10. The district court has discretion whether to admit evidence not previously disclosed in discovery. Judicial discretion exercised within the appropriate legal parameters is protected if a reasonable person in the position of the district court could have made a similar decision.

11. Whether an adequate evidentiary foundation was laid is a question of fact for the trial court and largely rests in its discretion. So long as there is substantial competent evidence to support the finding, it will not be disturbed on appeal.

12. Cumulative error will not be found when the record fails to support the errors alleged on appeal by the defendant.

Appeal from Johnson District Court; THOMAS H. BORNHOLDT, judge. Opinion filed July 1, 2011. Affirmed.

Randall L. Hodgkinson, of Kansas Appellate Defender Office, for appellant.

Steven J. Obermeier, assistant district attorney, Stephen M. Howe, district attorney, and Steve Six, attorney general, for appellee.
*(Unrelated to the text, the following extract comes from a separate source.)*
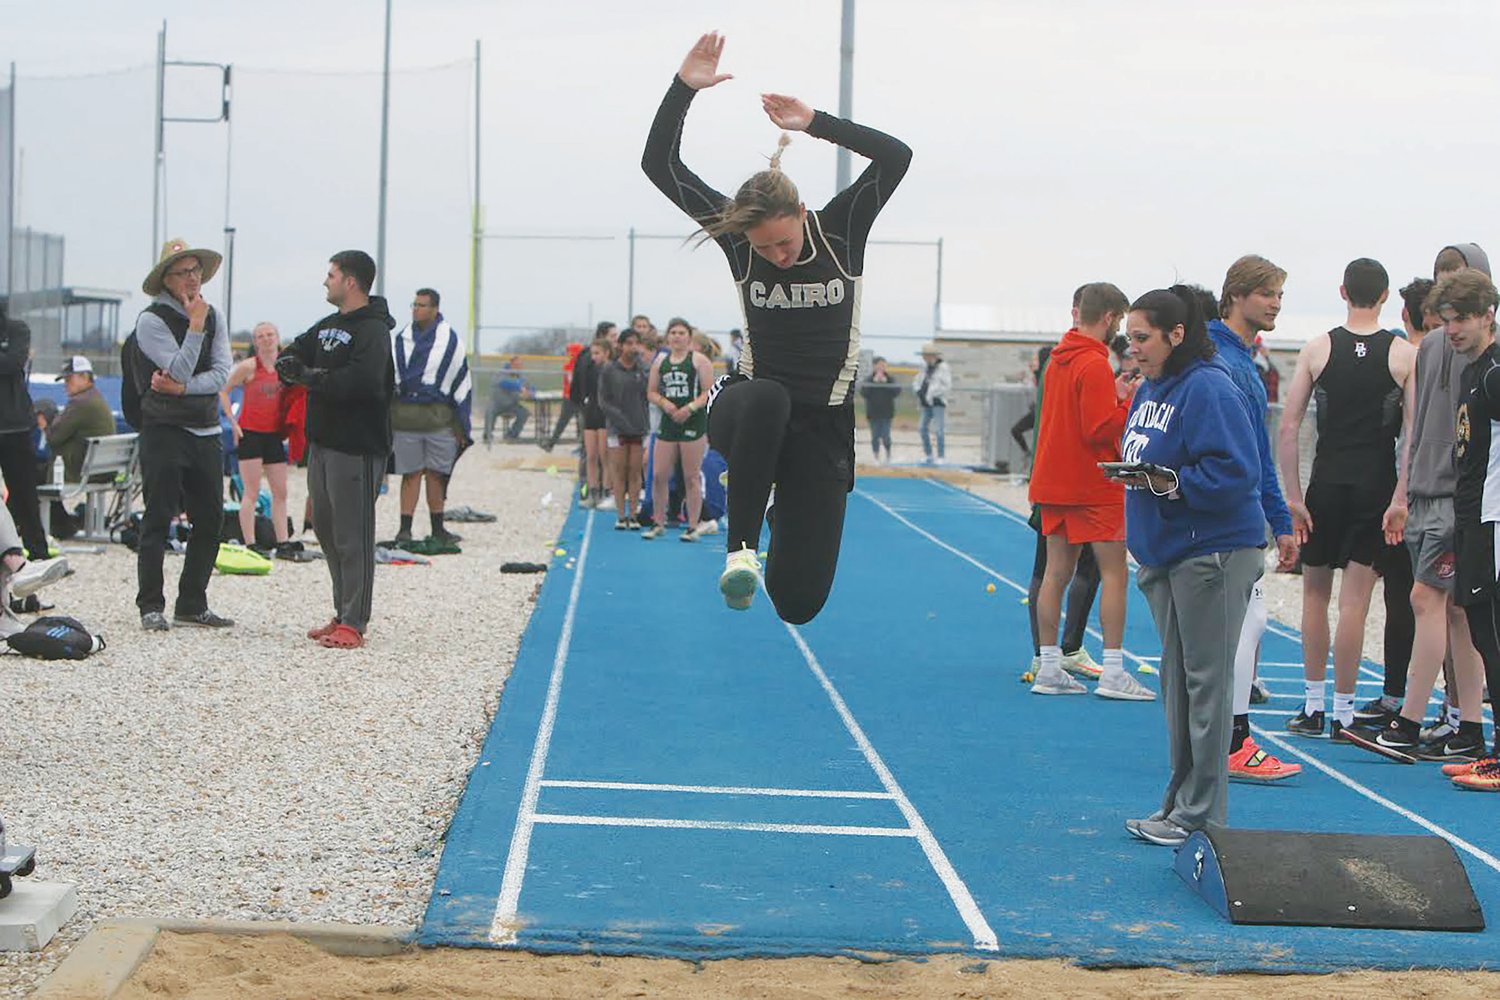 Cairo’s Avery Wiegand competes in the long jump at the Montgomery County Invitational on April 19. Wiegand placed 10th overall with a jump of 4.43 meters.

Before LEBEN, P.J., GREEN and MARQUARDT, JJ. 3

MARQUARDT, J.: Shannon Rollins appeals his jury conviction of theft, a severity level 9 nonperson felony. The district court sentenced Rollins to 11 months' imprisonment with no postrelease supervision. We affirm.

On August 4, 2008, Richard Orrison, Vice President of Wall Ties and Forms (Wall Ties), a manufacturer of aluminum forming systems that are used in the concrete industry, notified the police that two pallets or "skids" of aluminum forms had been stolen from Wall Ties.

During his internal investigation, Orrison watched one daytime and two nighttime surveillance videos that showed Rollins, a Wall Ties employee, using two forklifts to load the missing skids into a van the evening of July 31, 2008. The nighttime videos, along with eyewitness testimony, evidenced Rollins leaving the loading dock about 8:29 p.m. with the loaded van. He returned at 9:35 p.m. The missing skids were never located. Rollins was charged with theft under K.S.A. 21-3701(a)(1) and (b)(3).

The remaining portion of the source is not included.